Task to carry out:
Word for word, restate the lines of the listing below from the line with "平和的キノコ基本的なSomebymi AHA BHA" through the line with "Zwart Piet- Café Oranje", and do not include the pictures.

Start of Given data

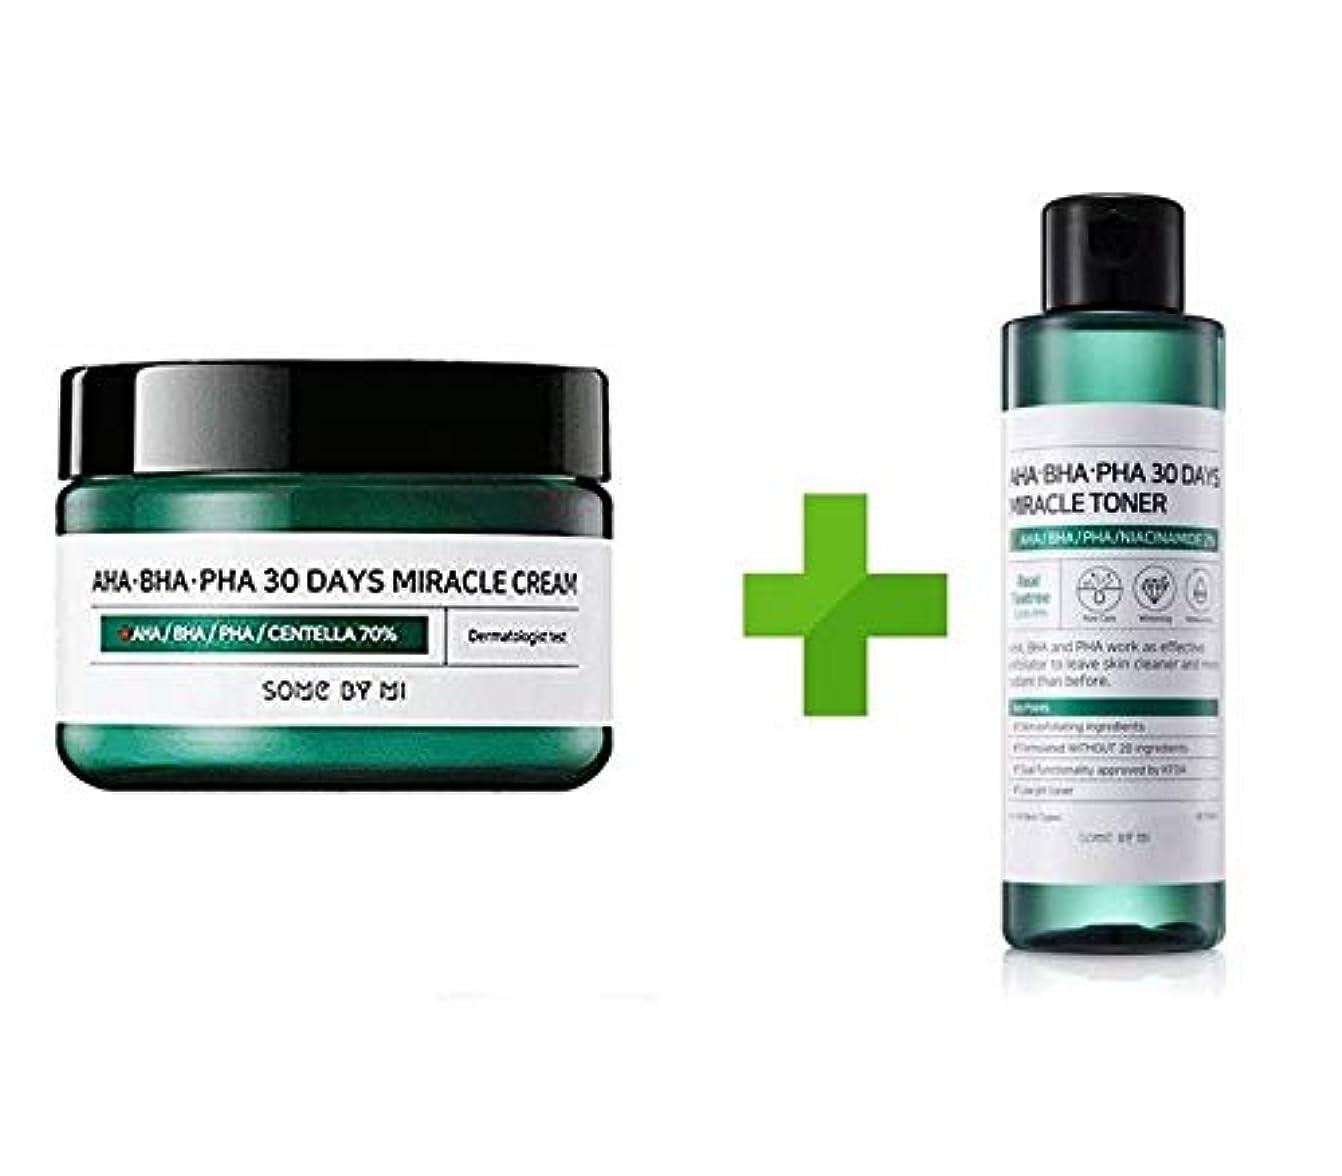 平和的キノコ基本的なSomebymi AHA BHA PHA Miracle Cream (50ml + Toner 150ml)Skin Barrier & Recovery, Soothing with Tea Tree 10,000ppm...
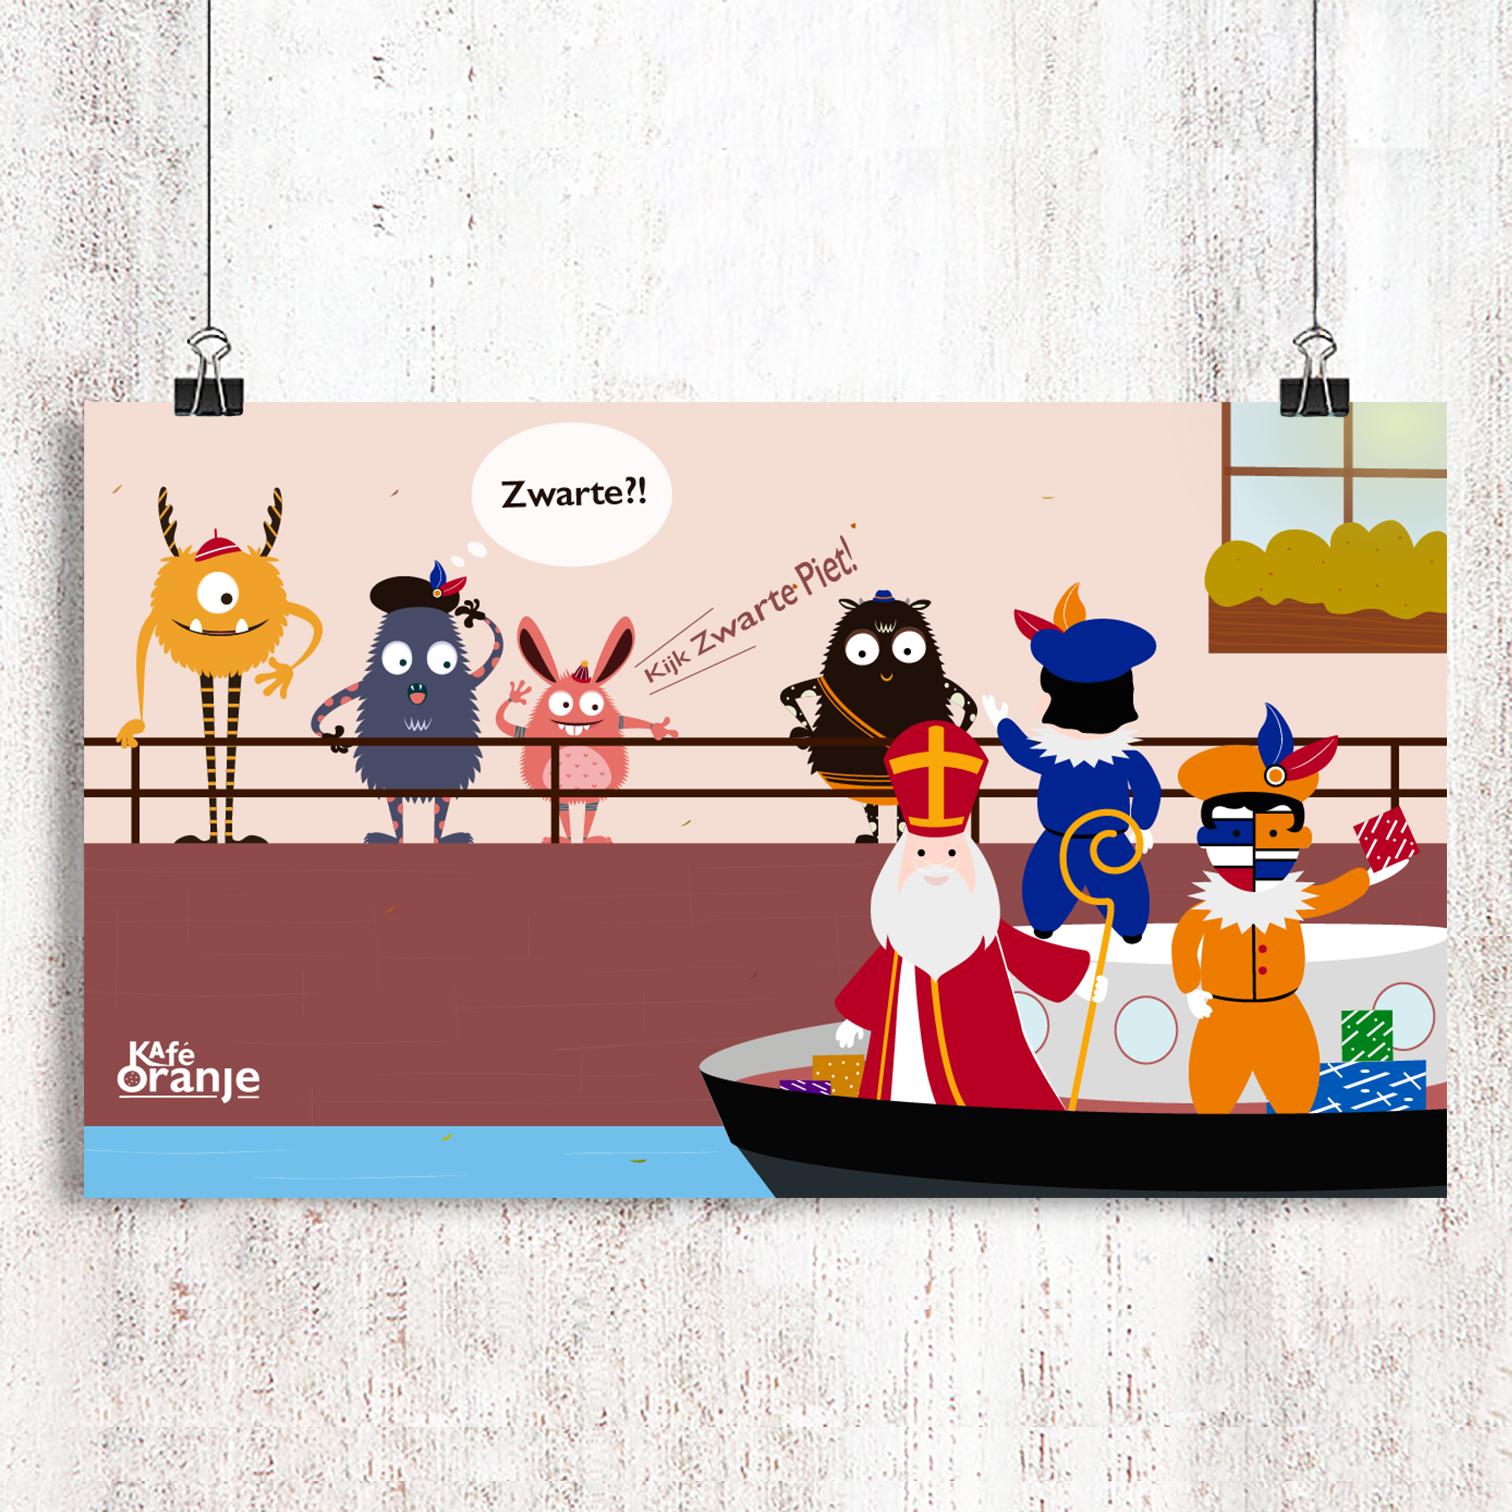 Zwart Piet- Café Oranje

End of Given data
Start of Given data

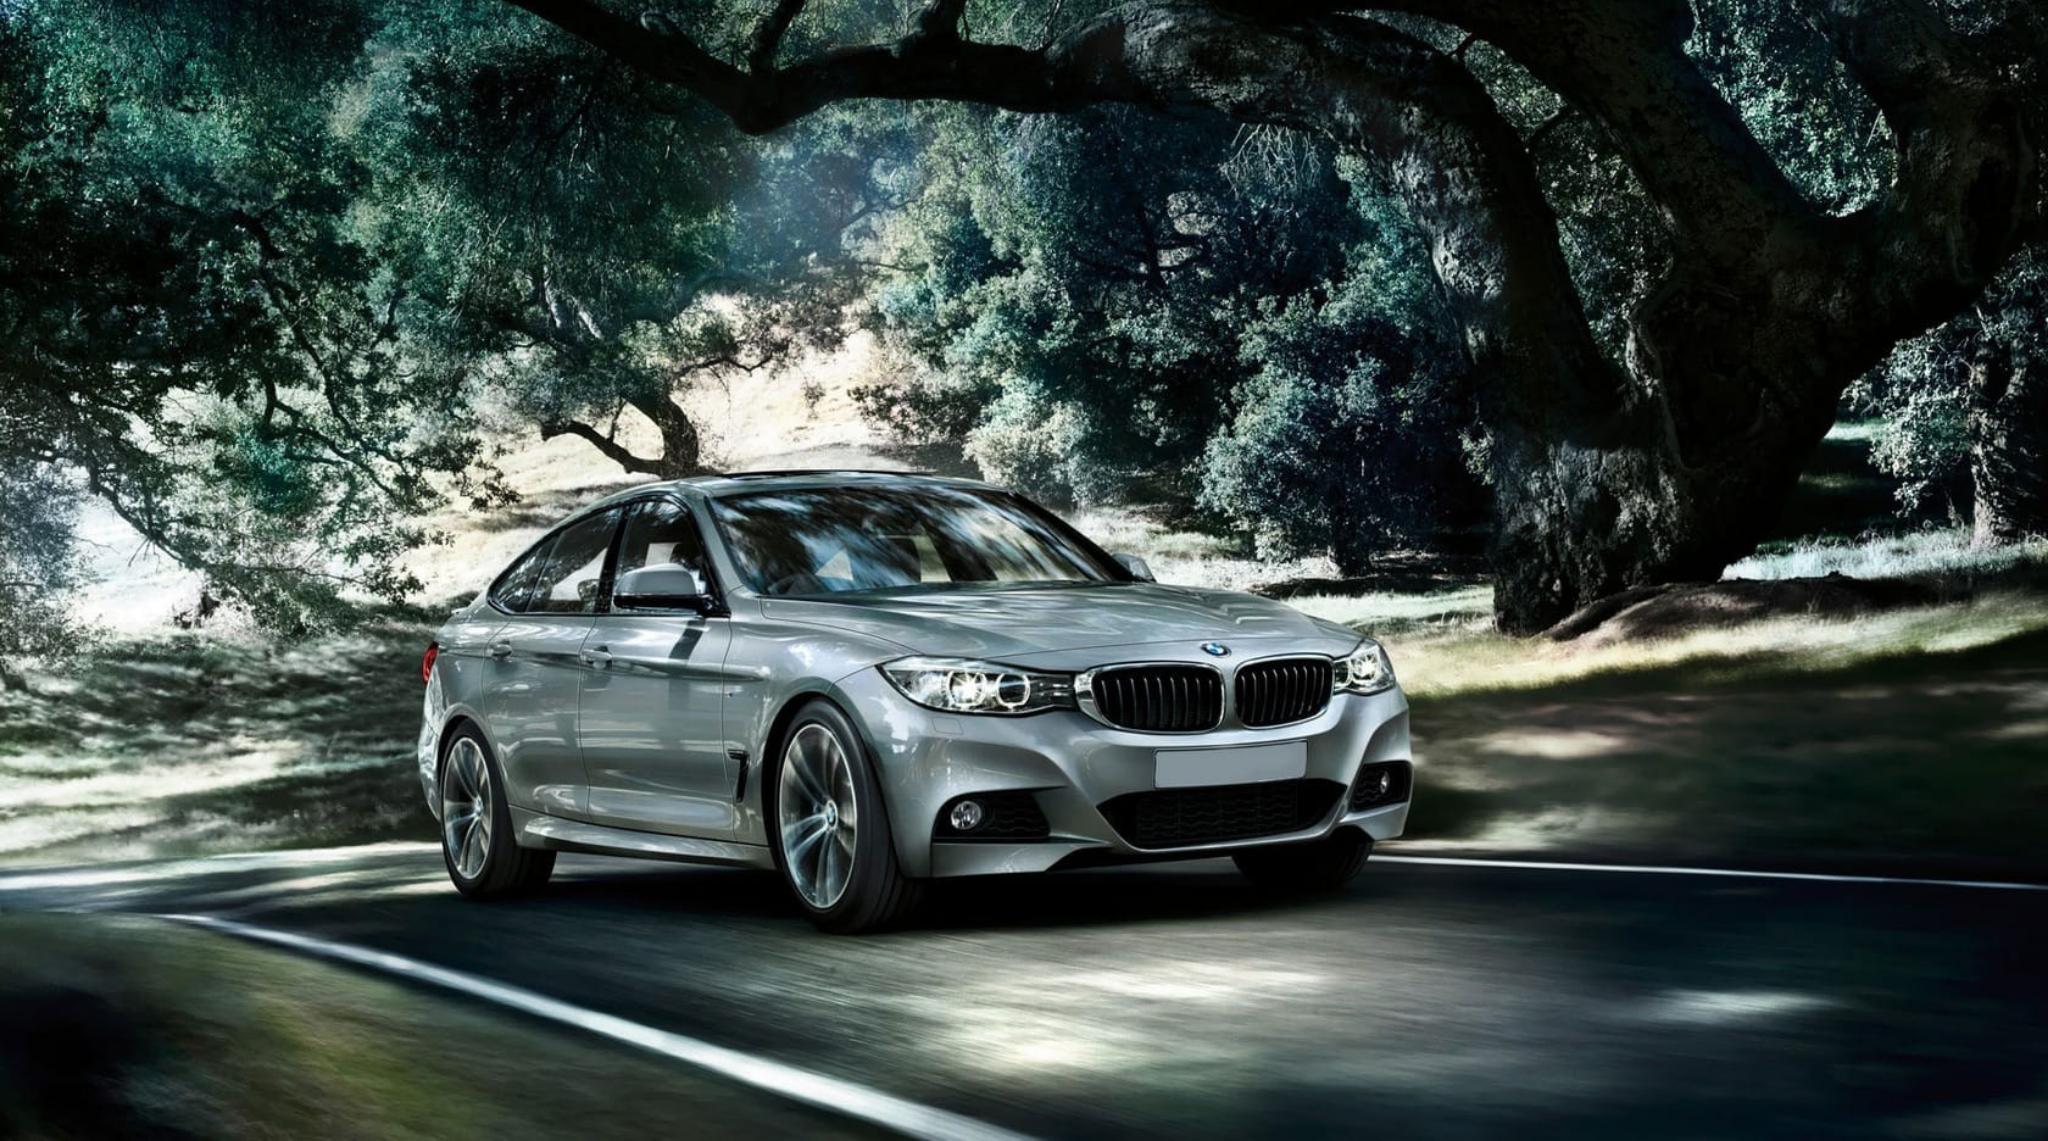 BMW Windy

End of Given data

Written reply:
 平和的キノコ基本的なSomebymi AHA BHA PHA Miracle Cream (50ml + Toner 150ml)Skin Barrier & Recovery, Soothing with Tea Tree 10,000ppm...
 Zwart Piet- Café Oranje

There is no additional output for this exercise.